#### Task directions
Here the job is to transcribe only the lines from the one containing "LAKERS JERSEY" through the last line below, exactly as written; please leave out pictures.

#### Given information
== Segment start ==

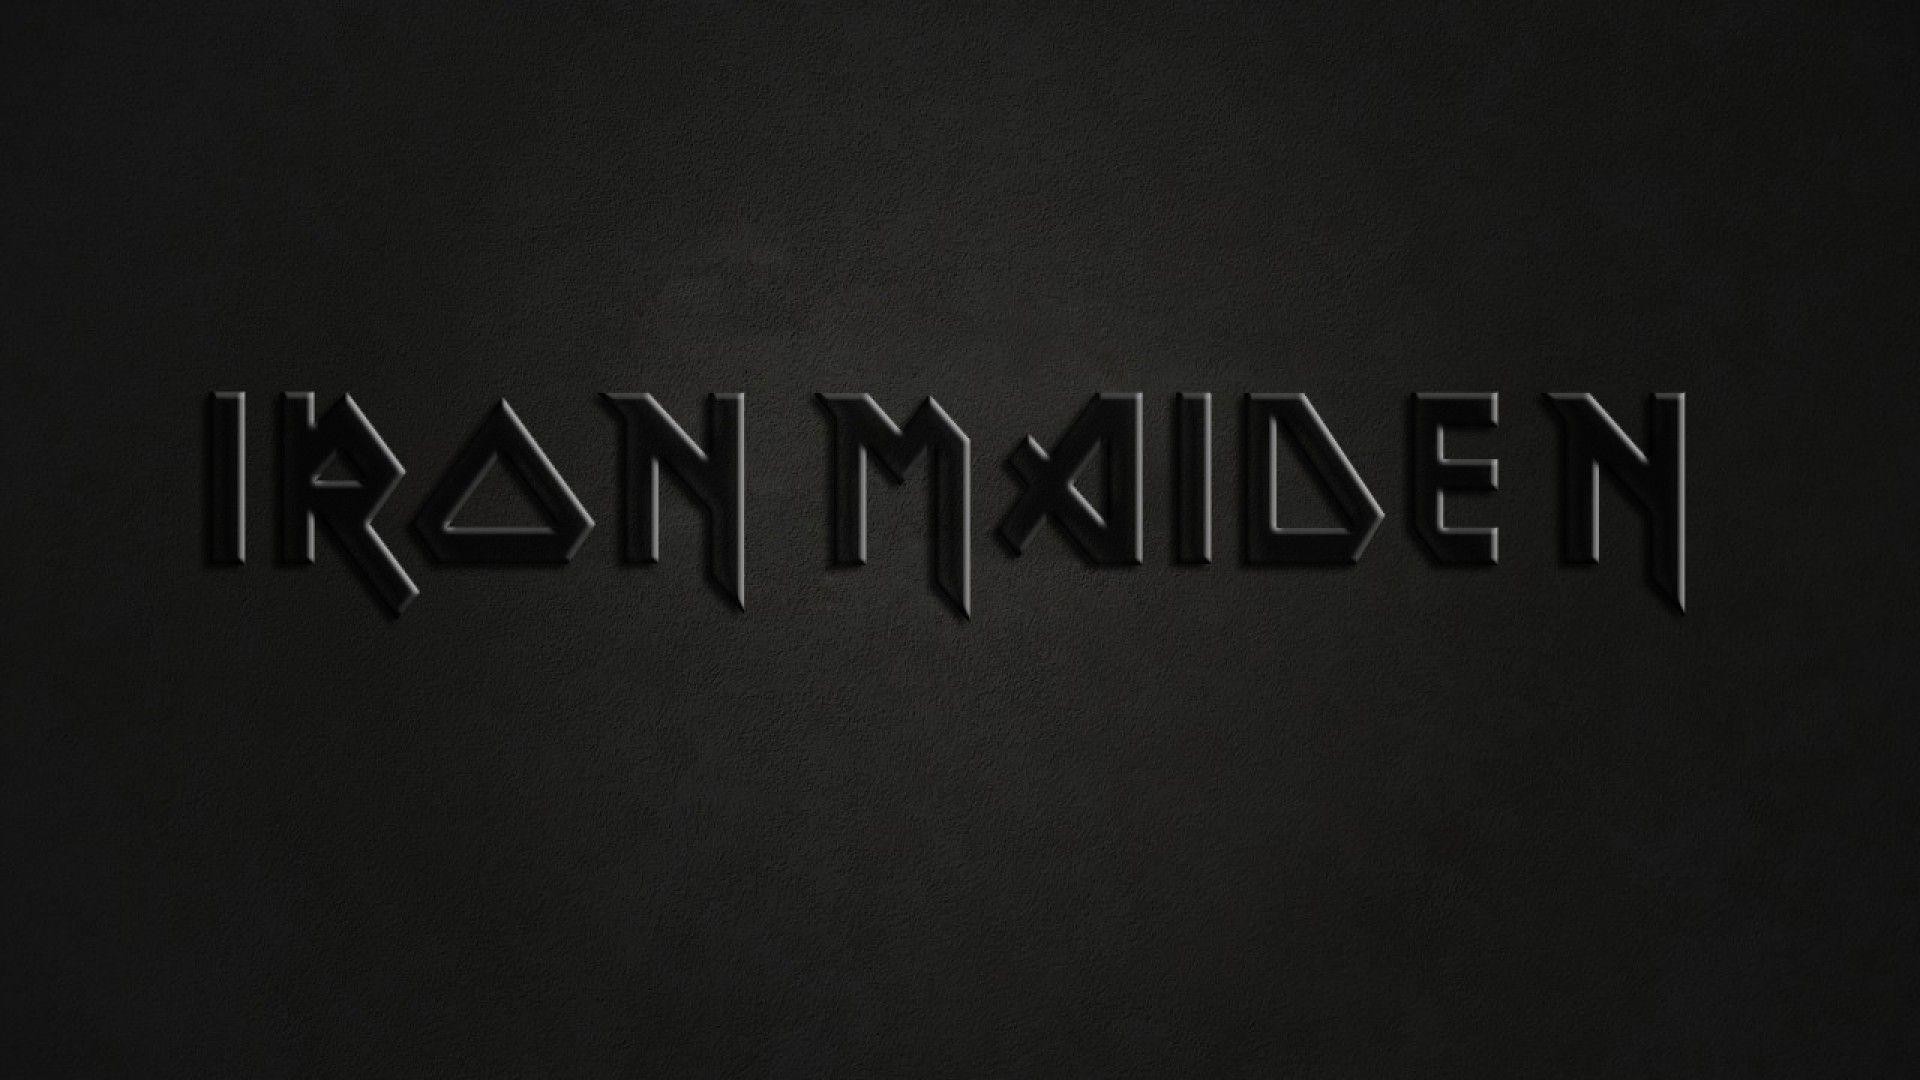 Full HD 1080p Iron maiden Wallpapers HD,
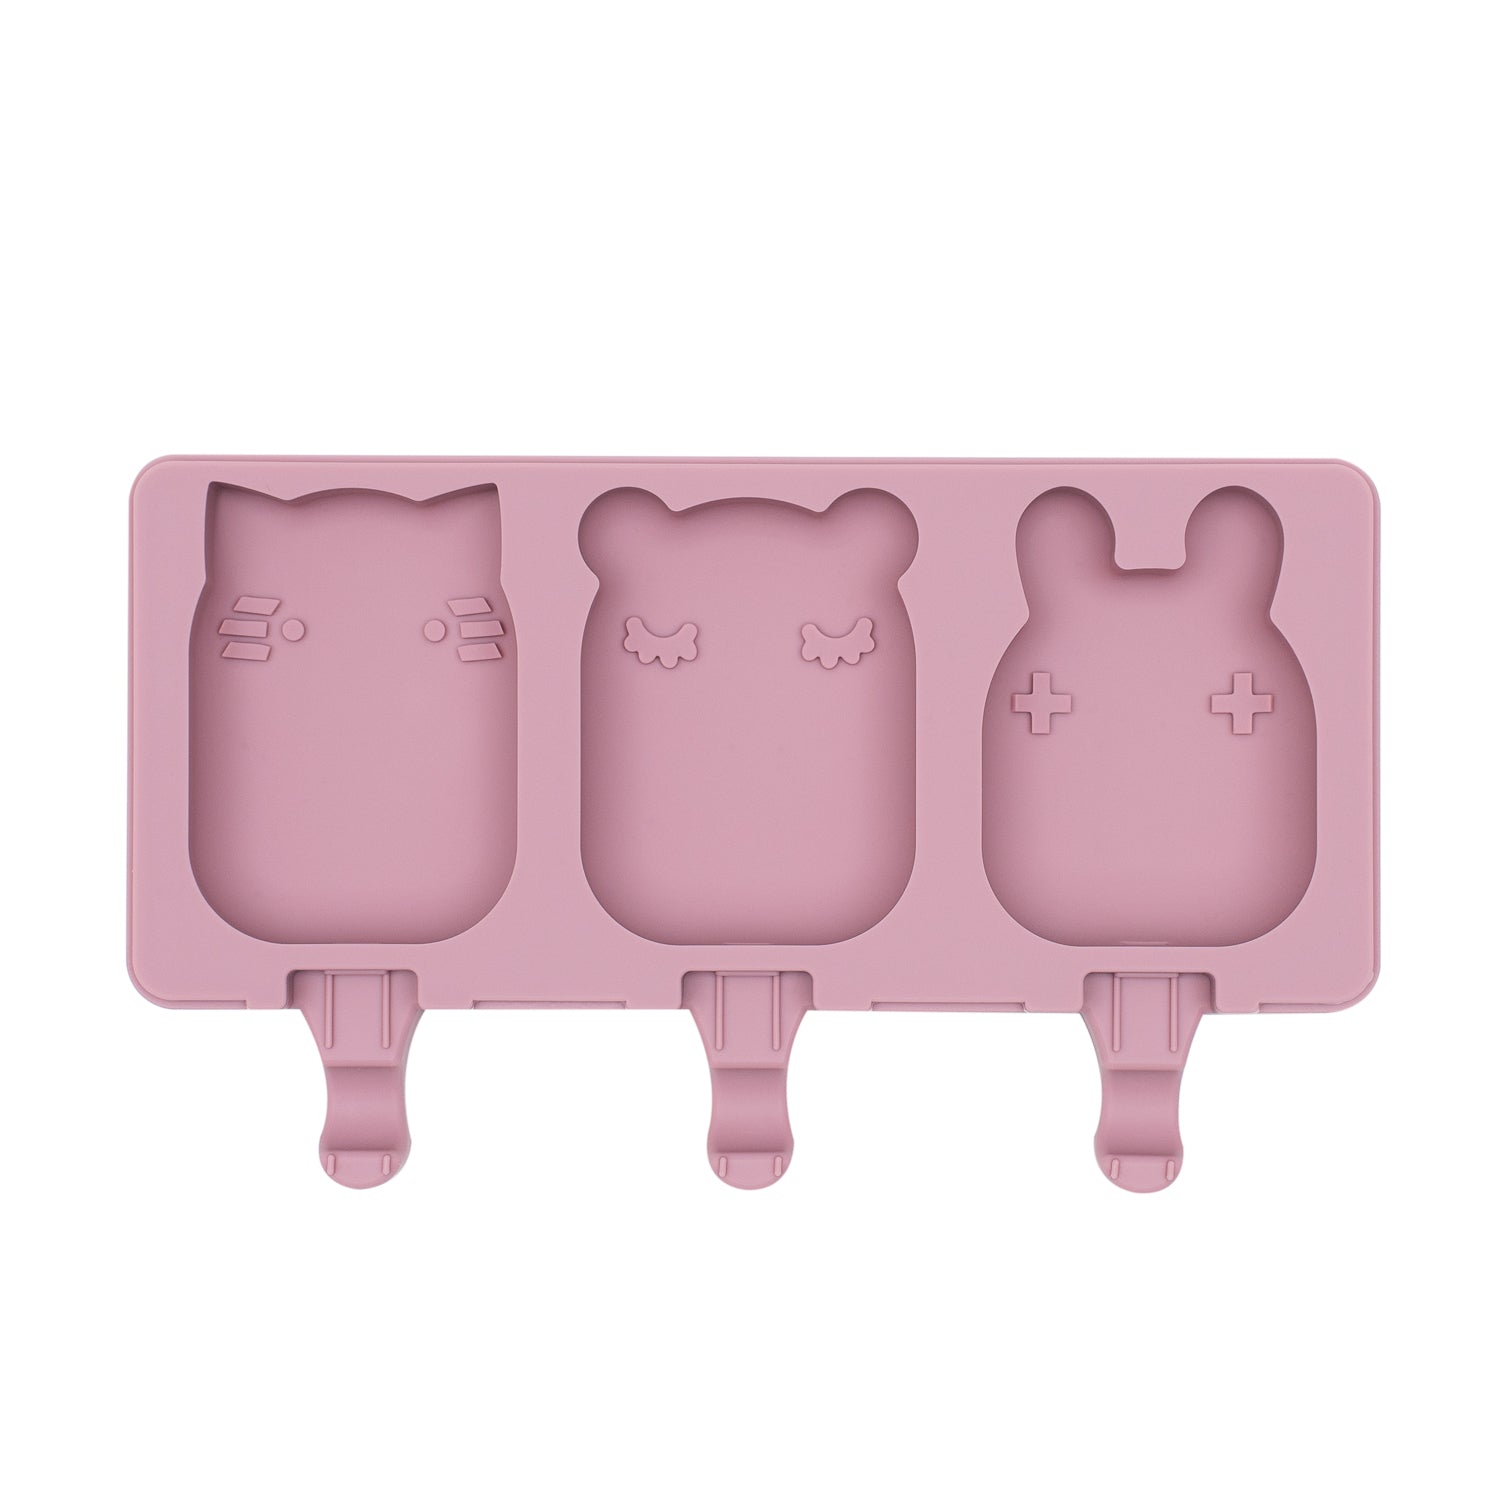 Frosties Icy pole Mould - Dusty Rose
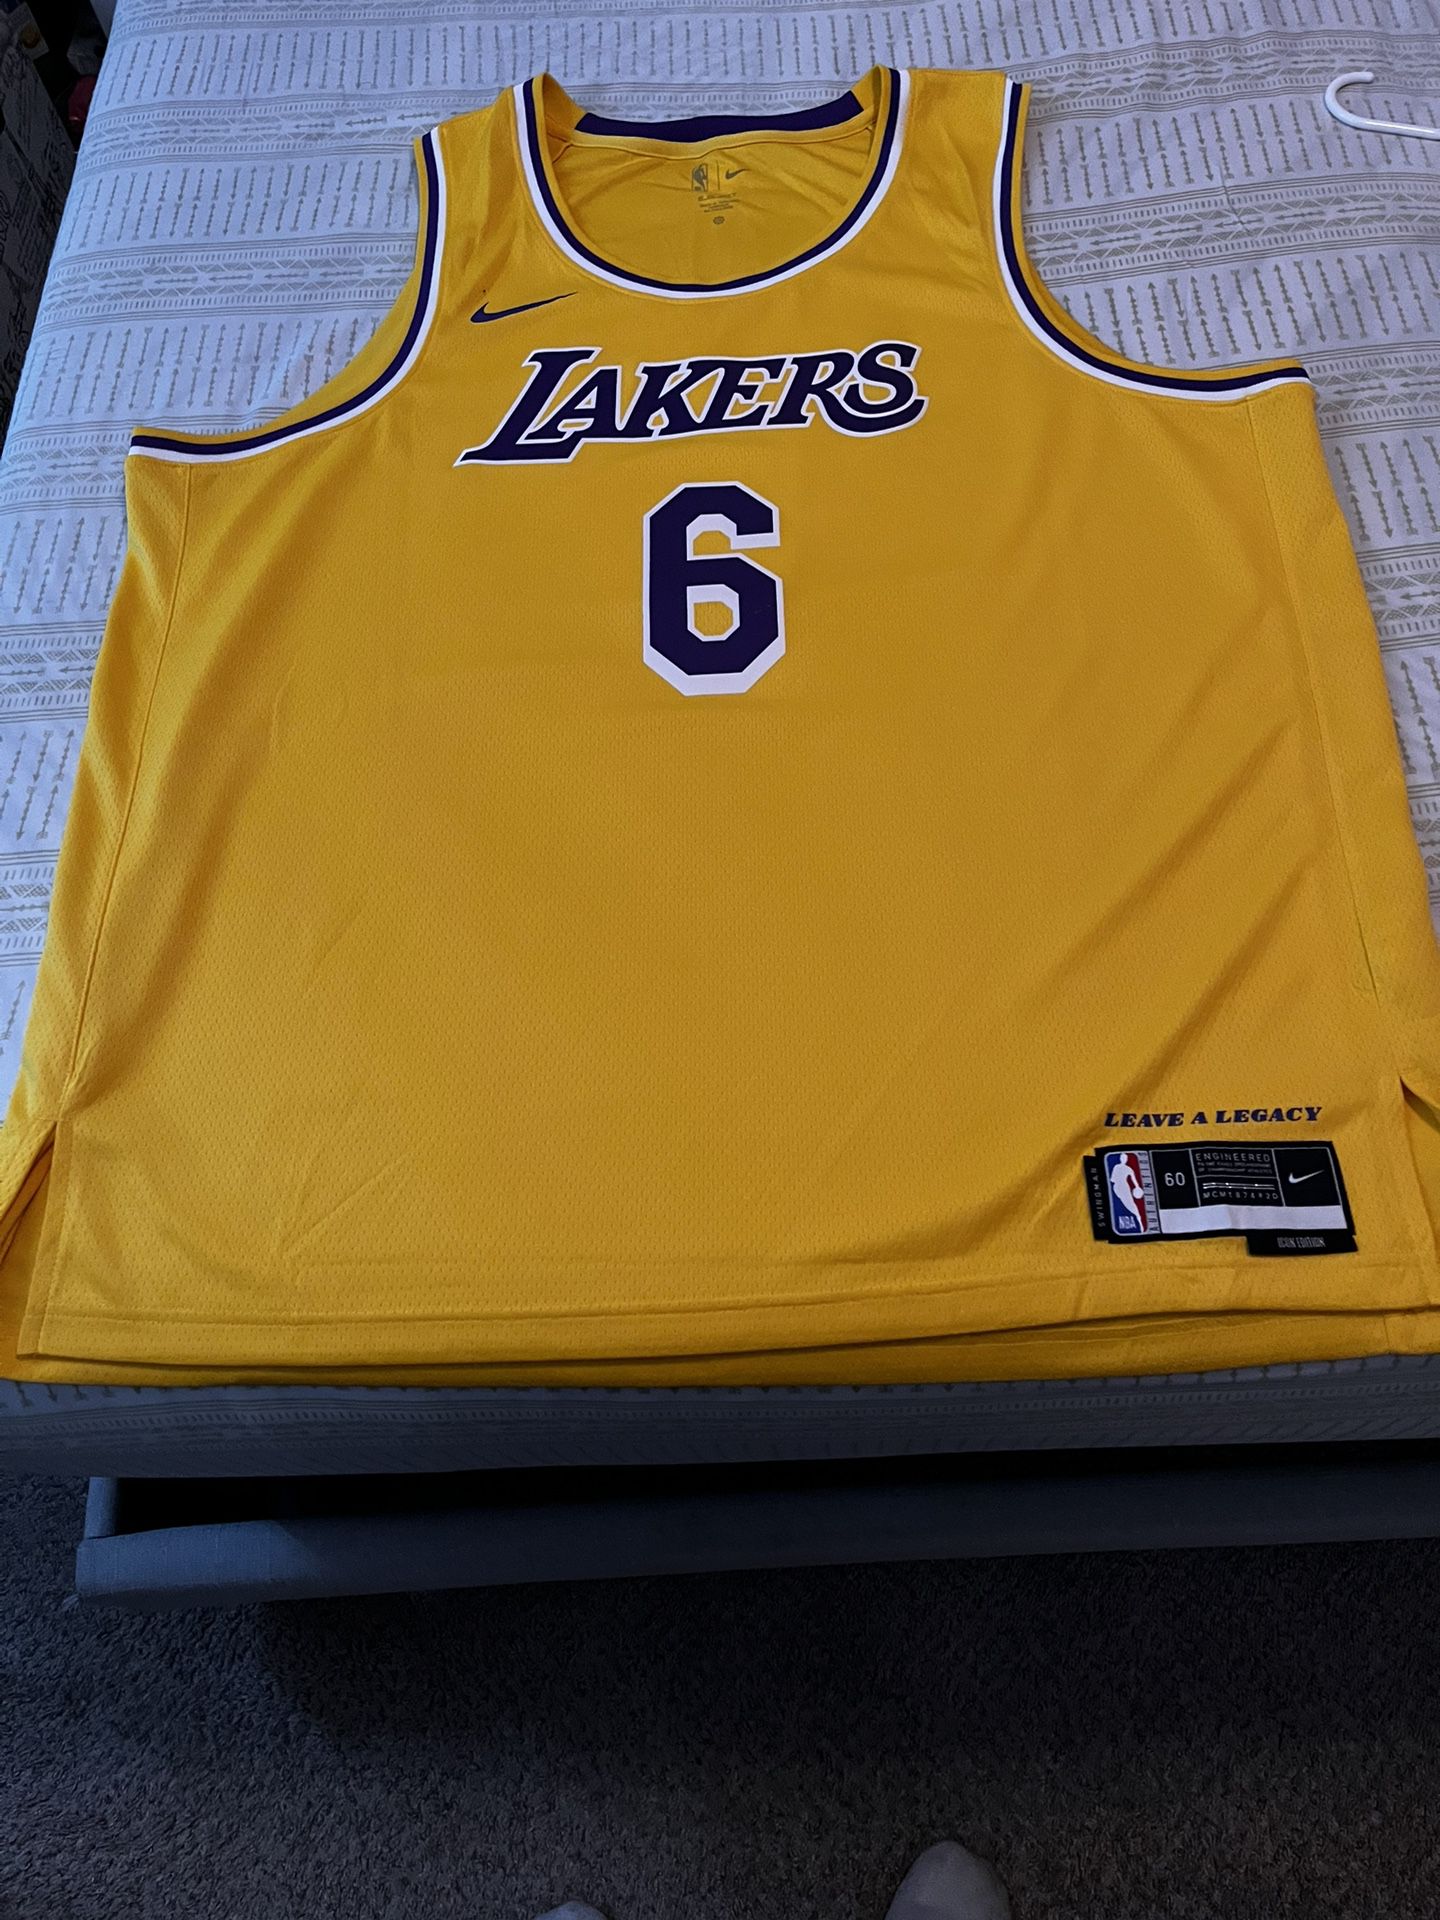 LAKERS JERSEY 
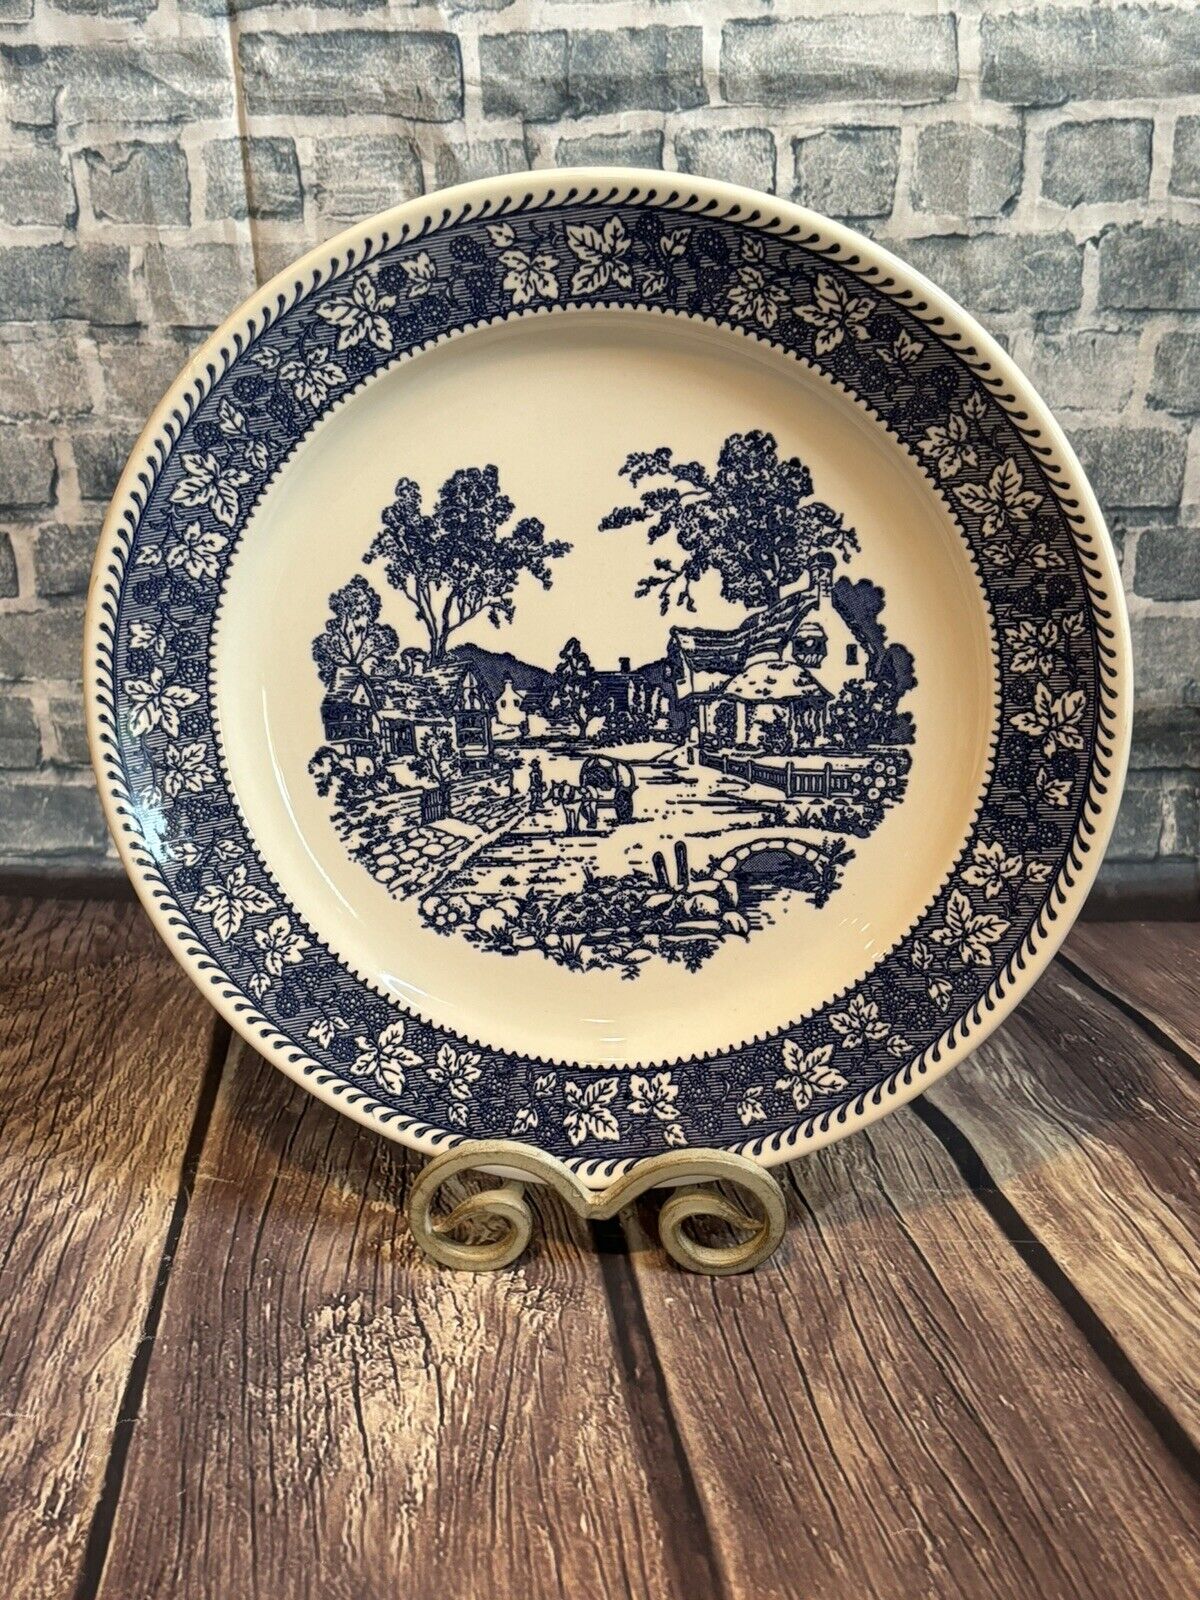 Antique Early Americana Design Charger Plate, Blue, White, Horse Drawn Carriage,

== Segment end ==

#### Your response
 LAKERS JERSEY 
 Antique Early Americana Design Charger Plate, Blue, White, Horse Drawn Carriage,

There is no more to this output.